Each account has its own deployment role with least-privilege permissions scoped to the resources Terraform manages. The networking account role can modify VPCs and Transit Gateway. It can’t touch RDS instances. The data account role is the inverse.
Pre-Commit Hooks
Every Terraform repository runs pre-commit hooks:
terraform fmt— consistent formatting, no style debates in reviewsterraform validate— catches syntax errors and missing provider configurationsterraform-docs— regenerates module documentation from variables, outputs, and descriptionstflint— provider-specific linting (deprecated arguments, invalid instance types)checkov— static security analysis (S3 buckets without encryption, security groups with 0.0.0.0/0)
These hooks run locally before every commit and again in CI as a gate.
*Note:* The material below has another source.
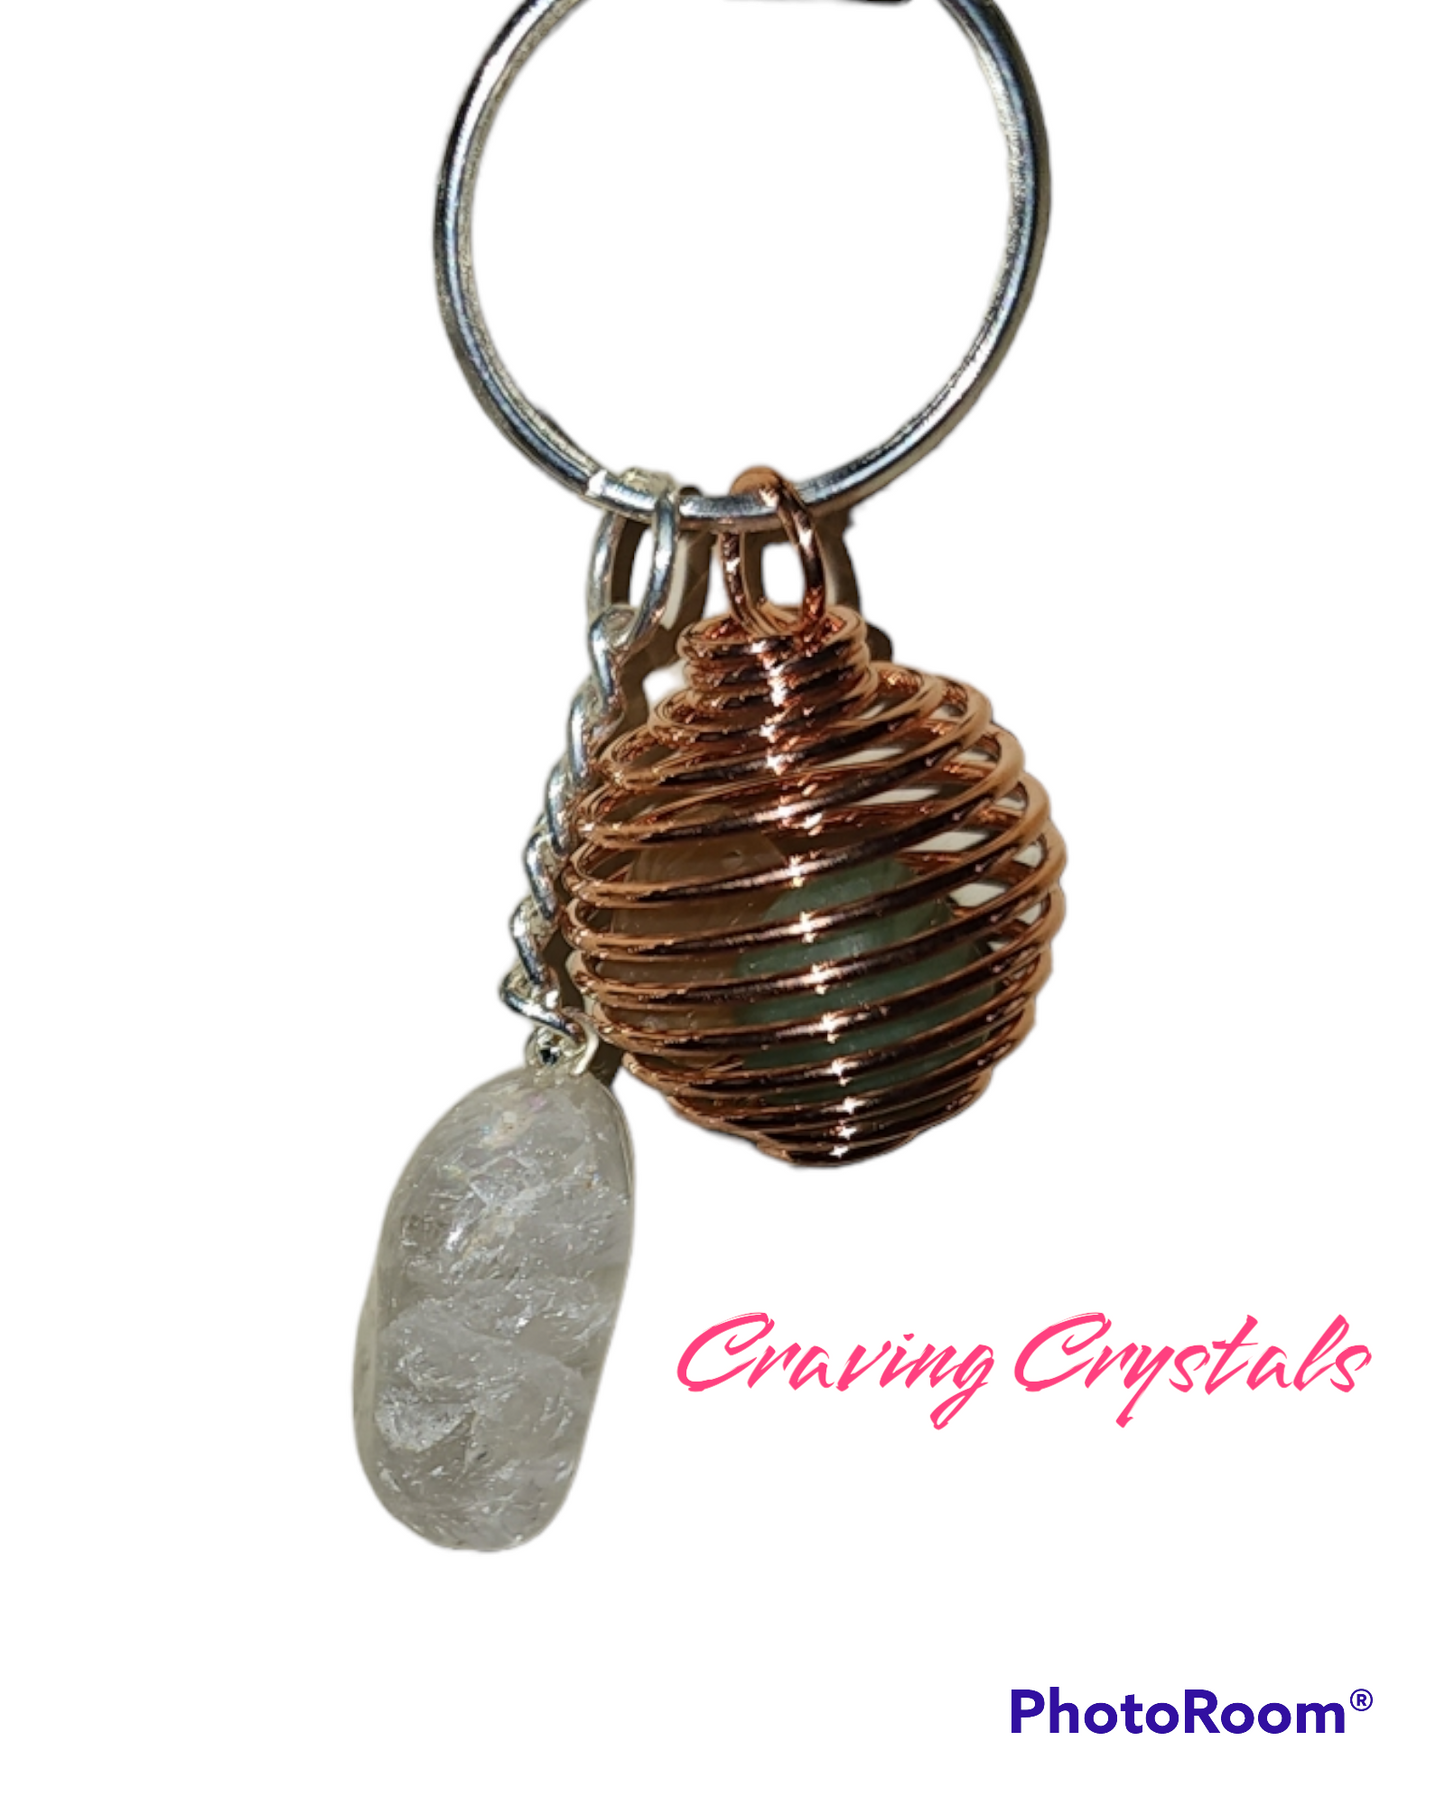 Clear Quartz Tumbled Crystal Keychain w/2 Stones in Copper Cage| Reiki Infused

The combination catches the vast majority of issues before a human reviewer even looks at the PR.
The AFT Pipeline
New accounts flow through Account Factory for Terraform. The process:
- A team submits a PR with an account request (email, name, OU, compliance tags)
- PR gets reviewed and merged
- AFT provisions the account through Control Tower
- Account customizations run automatically — VPC creation, Transit Gateway attachment, CloudTrail configuration, Security Hub enablement, IAM baseline roles
- The account appears in Identity Center with the appropriate permission sets
From PR to usable account takes about 30 minutes. The customizations are themselves Terraform modules — the same ones used for day-2 operations. No separate “account setup” scripts that drift from the main codebase.
What Makes It Work
The scale isn’t the hard part. 40 accounts with consistent patterns are easier to manage than 5 accounts with ad-hoc configurations. The discipline is what makes it work: versioned modules, isolated state, OIDC-only authentication, automated compliance checks, and a provisioning pipeline that enforces the same baseline everywhere.
Every shortcut — shared state files, inline resources instead of modules, manually provisioned accounts — becomes a liability at this scale. The upfront investment in structure pays for itself within the first quarter.